It has not always been so but in the last few years my wife and I have applied a principle that seems counter-intuitive. The busier we are the more time we take for our relationship. The more the intensity of our work, the more we work at intimacy. We create times of oasis to address times of crisis.
We have made it a habit to spend a special time away from routine every 6 to 8 weeks. This may be a weekend, a vacation or special event. This practice started by having
regular date nights that we did not allow to be interrupted when we were young parents.
Right now we are in a very busy time of life. Since we are so engaged it is imperative that we spend more quality time away to connect. We have found that when intensity increases and we get intentional about putting the focus on what is essential then we do not have to worry about interrupting intimacy. If things get really intense we move a
special time away up a week or two. If we keep going this way we may end up retiring and really enjoying it together.
Thoughts to Ponder:
How am I handling the intense times of life?

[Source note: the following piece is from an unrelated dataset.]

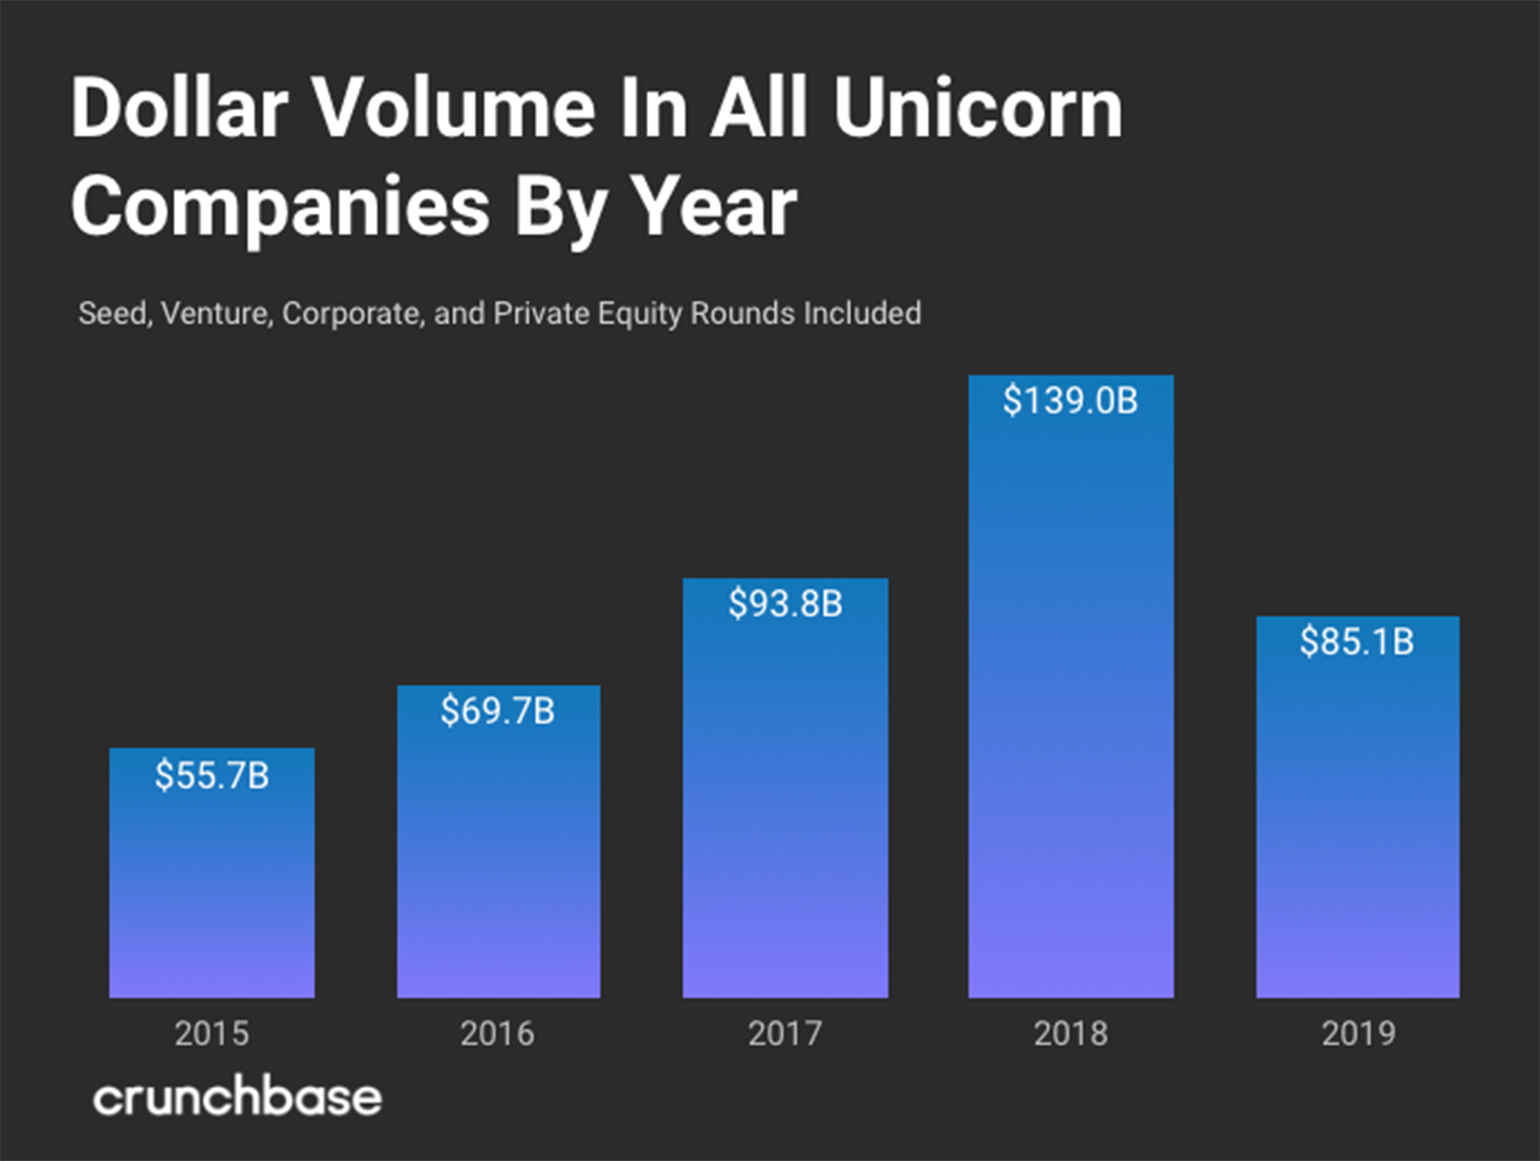 The Growth Of New Unicorns In 2019 Is Higher Than Previous Years-Body Image 18

Is intensity of schedule increasing or decreasing?
Is intimacy increasing or decreasing in our marriage?
What are some small things we can do to move us toward intimacy now?
How are we preparing for the time when life slows down?
If we keep going this way what will we have in common when all of the busyness is gone?
39:6 We are merely moving shadows, and all our busy rushing ends in nothing. We heap up wealth, not knowing who will spend it. (NLT)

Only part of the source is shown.